Elaine H. Pagels: The Harrington Spear Paine Foundation Professor of Religion Princeton UniversityMost people who study the origins of Christianity are curious about how this unlikely movement would have succeeded in such a powerful and dramatic way. And it's not an easy question to answer, why this movement succeeded when others did not. One thing that I always think about is that the gods of the ancient world, if you look at them, their images, if you read about them in the Iliad, and the poetry of Sophocles..., the gods looked like no one more than the aristocrats, the emperor and his court. They looked like the courtiers. But here is a religion which claims that God is made manifest in a peasant, probably a man who didn't write, a man who came from the people, a man who was completely unimpressive in worldly terms and much more like the vast majority of people. And in this astonishingly unexpected place, this movement said, God is revealed to be with us. I think that's a powerful statement in itself....

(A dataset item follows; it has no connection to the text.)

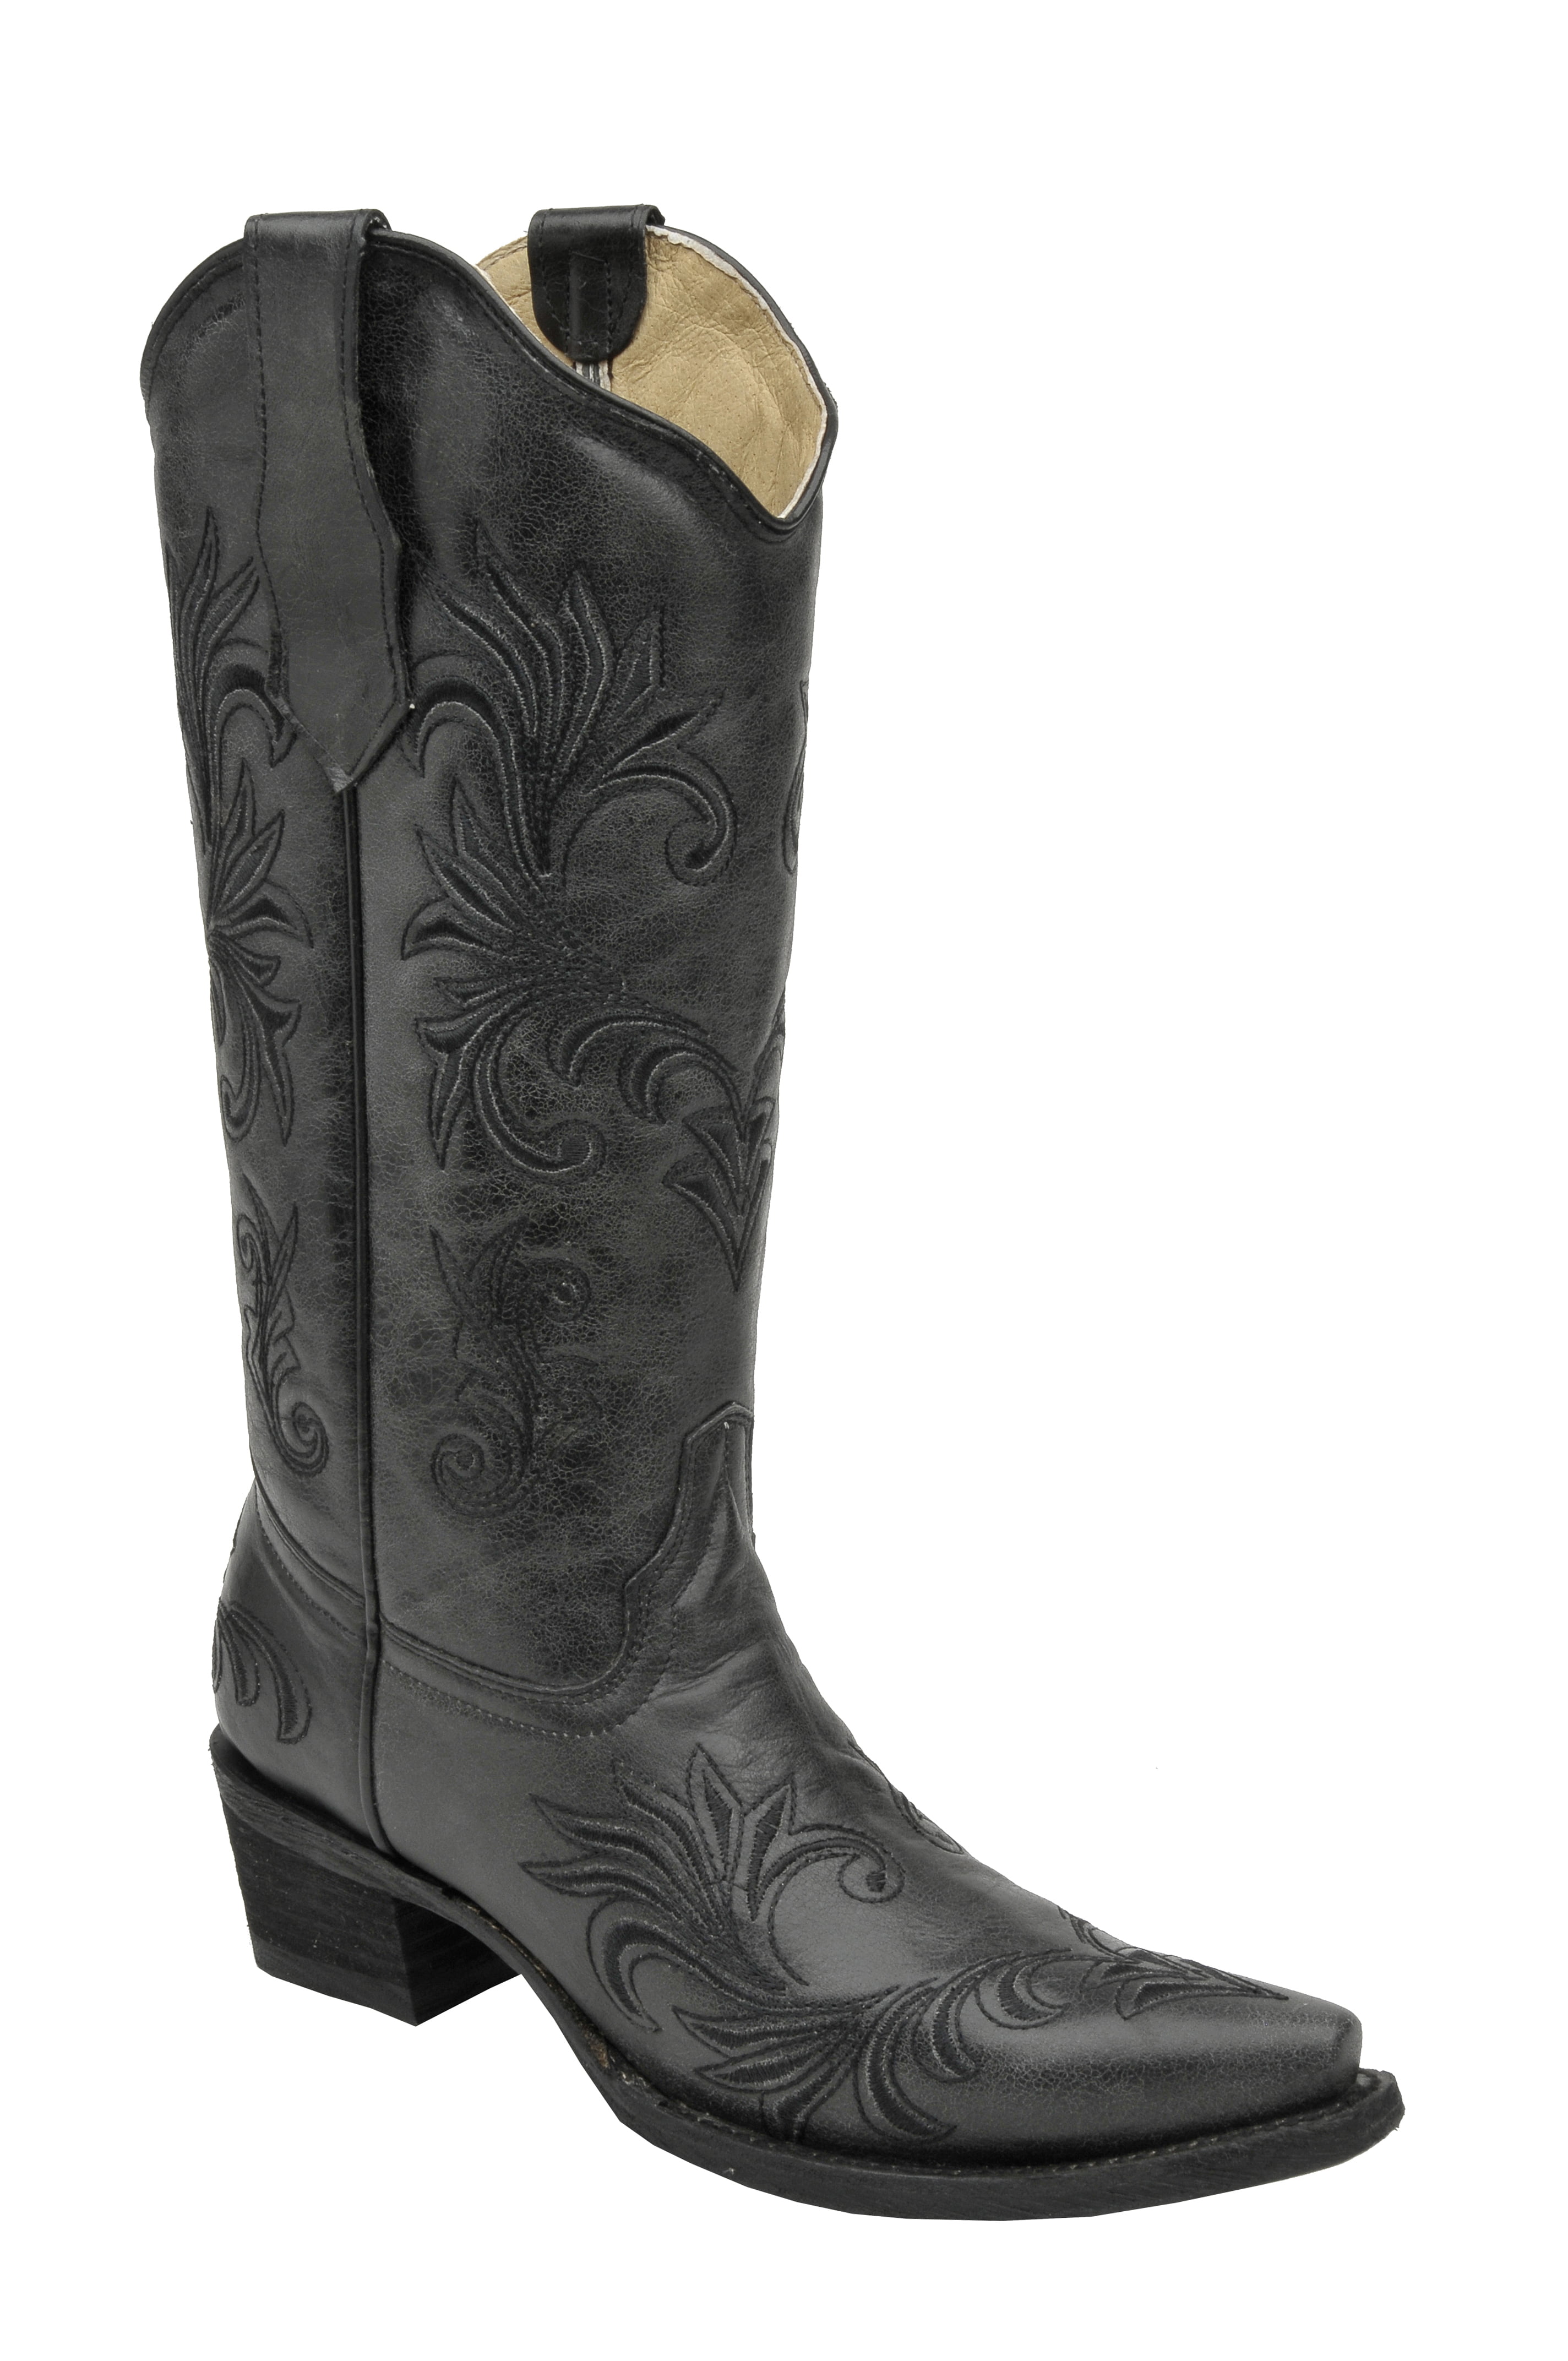 Corral Boots - Corral Women's Circle G Black Filigree Embroidered Western Boot - Walmart.com

The Gospel of Mark most people think is the earliest of the gospels of the New Testament. And that book is extraordinary and strange.... If you read it apart from the others, it's a story of this country teacher coming from nowhere with incredible power descending upon him, healing people, exorcising people, speaking strange, bold astonishing things, and startling everyone. And then the end of the story, from Chapter 9 on, moves toward his agonizing and humiliating death. And there's the suggestion of the end of the original book that he will rise from the dead, but the way Mark was originally written, the story of the resurrection isn't told. So it's a devastating story of human pain. And I think that must have deeply appealed to many people then, as it does now, for one thing.

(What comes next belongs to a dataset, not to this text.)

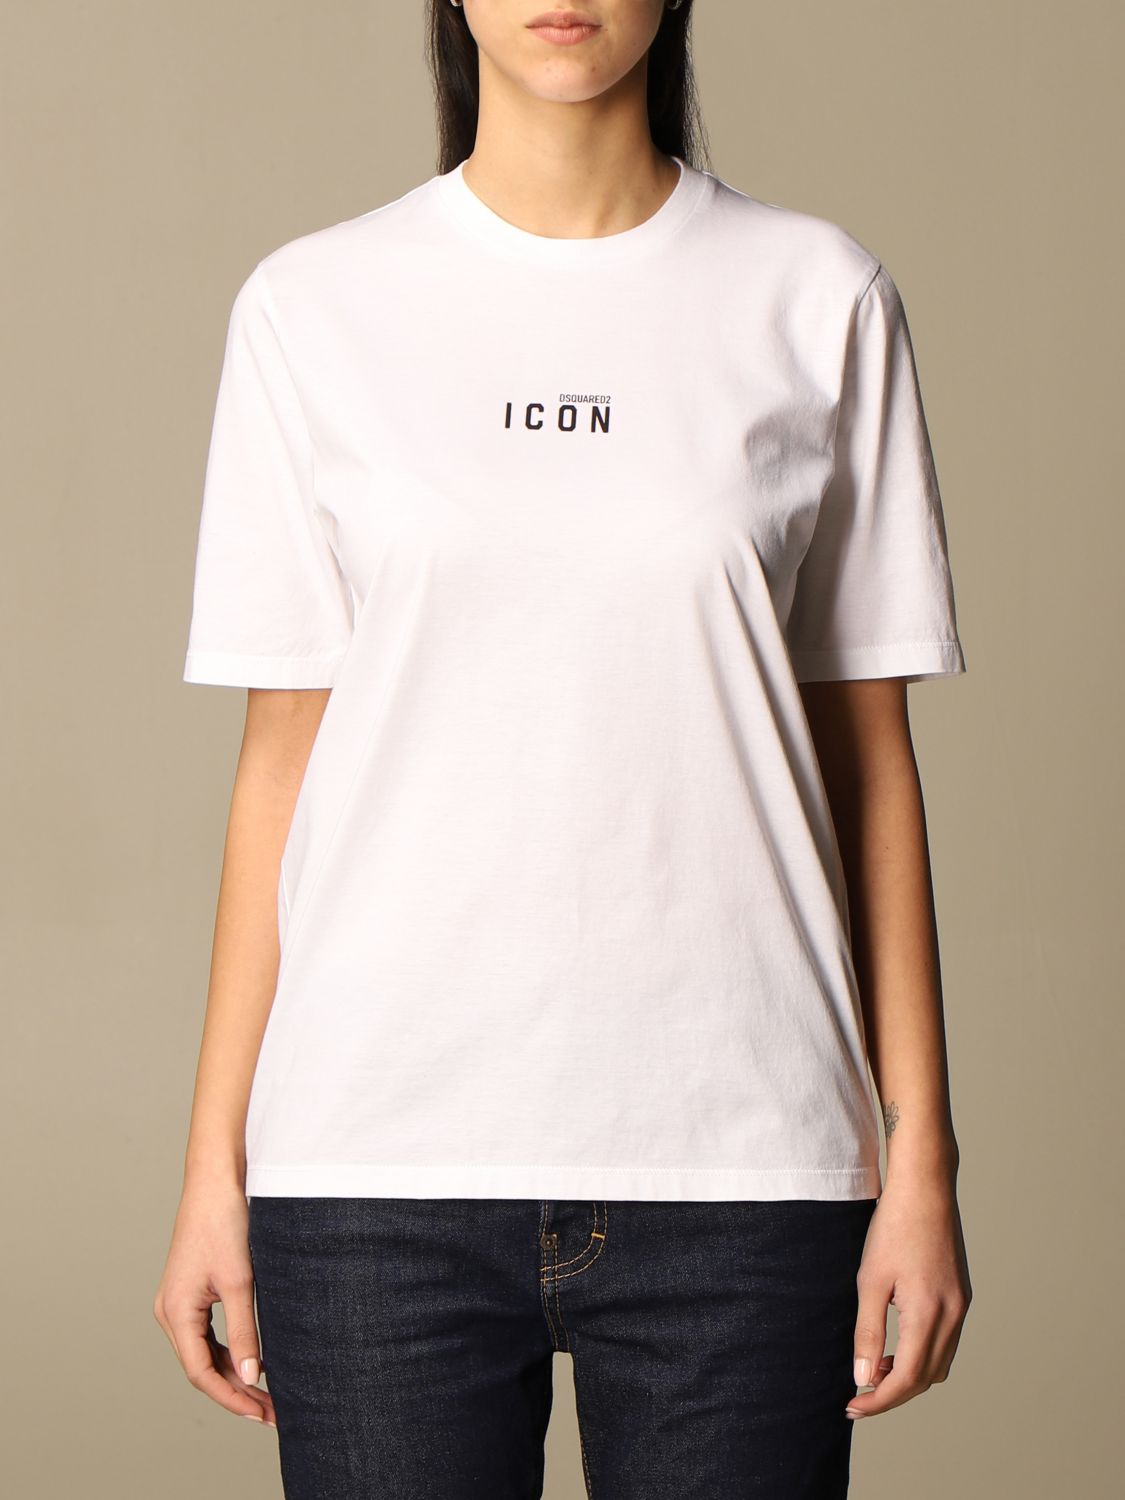 DSQUARED2: cotton t-shirt with logo - White | Dsquared2 t-shirt ...

When I was working on the book, "Adam, Eve and the Serpent," I was thinking a great deal about why this movement succeeded, and I thought it may have had a lot to do, as well, with the story they told about the creation. Because they told the story about how human beings were made in the image of God.... Now if you think about the gods of the ancient world and you think about what they looked like they looked like the emperor and his court. So those gods looked very different. But this religion is saying that every person, man, woman, child, slave, barbarian, no matter who, is made in the image of God and is therefore of enormous value in the eyes of God.... That's an extraordinary message. And it would have been enormous news to many people who never saw their lives having value. I think that is a powerful appeal of this religion.... The Christian movement seemed to convey a sense of human worth in two ways. Both by the story of Jesus and his simplicity and his humility in terms of social status, in terms of achievement, in terms of recognition during his lifetime. And also in the story of creation; it conveys royal status on every person.... When we think about the appeal of this movement to many people it's certainly clear that some were drawn by the way that this community would take care of people. For example, like other elements of the Jewish community, the followers of Jesus tended to feed the destitute, take care of people who were widowed so that they wouldn't become prostitutes and orphans and so forth. That was a primary obligation of Jewish piety. And Jesus' followers certainly understood that. We know that when people joined the Christian communities in Rome, for example, they would be buried. This is not something anyone could take for granted in the ancient world. And this society was one in which people took care of one another. So that is an enormous element of the appeal of this movement.